The New York Times best-selling author of Contagious explores the subtle, secret influences that affect the decisions we make - from what we buy to the careers we choose to what we eat - in this fascinating and groundbreaking work.
If you're like most people, you think that your choices and behaviors are driven by your individual personal tastes and opinions. You wear a certain jacket because you like the way it looks. You picked a particular career because you found it interesting. The notion that our choices are driven by our own personal thoughts and opinions is patently obvious. Right? Wrong.
Without our realizing it, other people's behavior has a huge influence on everything we do at every moment of our lives, from the mundane to the momentous occasion.
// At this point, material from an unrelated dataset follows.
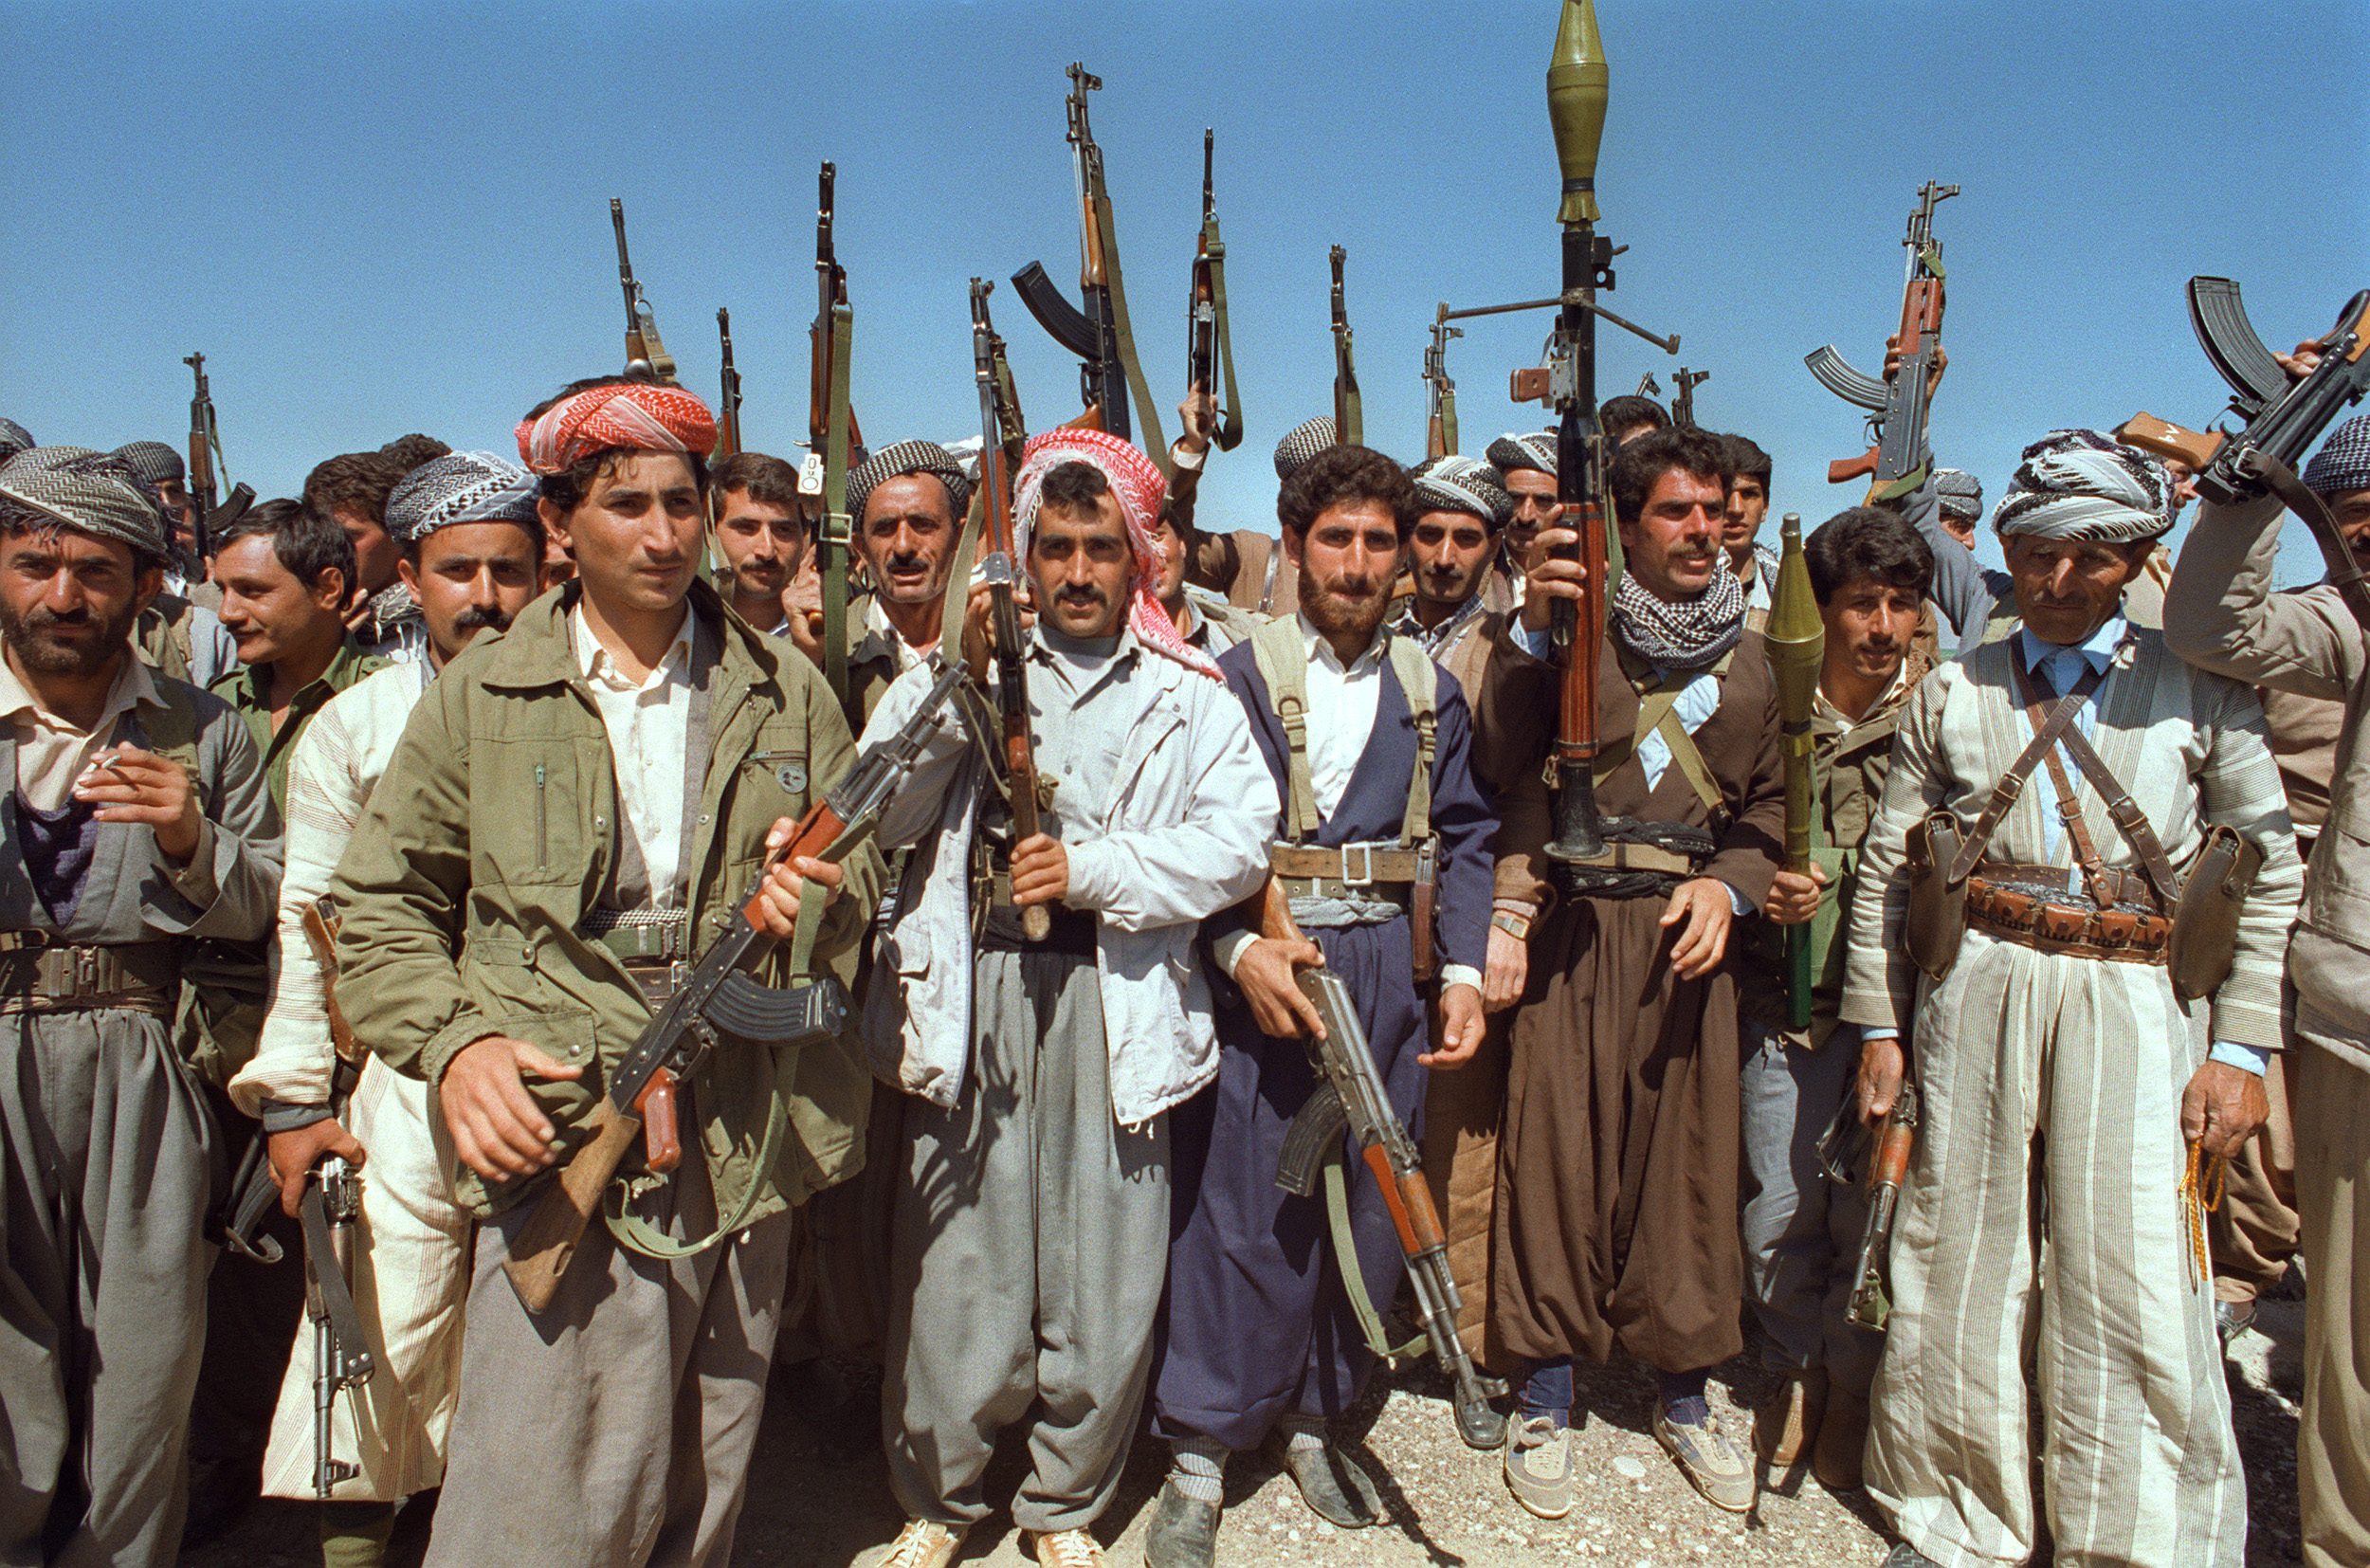 The Heroic Kurds: America's Mistreated Ally

Even strangers have startling impacts on our judgments and decisions: Our attitudes toward a welfare policy shift if we're told it is supported by Democrats versus Republicans (even though the policy is the same in both cases).
But social influence doesn't just lead us to do the same things as others. In some cases we conform or imitate others around us. But in other cases we diverge or avoid particular choices or behaviors because other people are doing them. We stop listening to a band because they go mainstream. We skip buying the minivan because we don't want to look like a soccer mom.
In his surprising and compelling Invisible Influence, Jonah Berger integrates research and thinking from business, psychology, and social science to focus on the subtle, invisible influences behind our choices as individuals. By understanding how social influence works, we can decide when to resist and when to embrace it - and how we can use this knowledge to make better-informed decisions and exercise more control over our own behavior.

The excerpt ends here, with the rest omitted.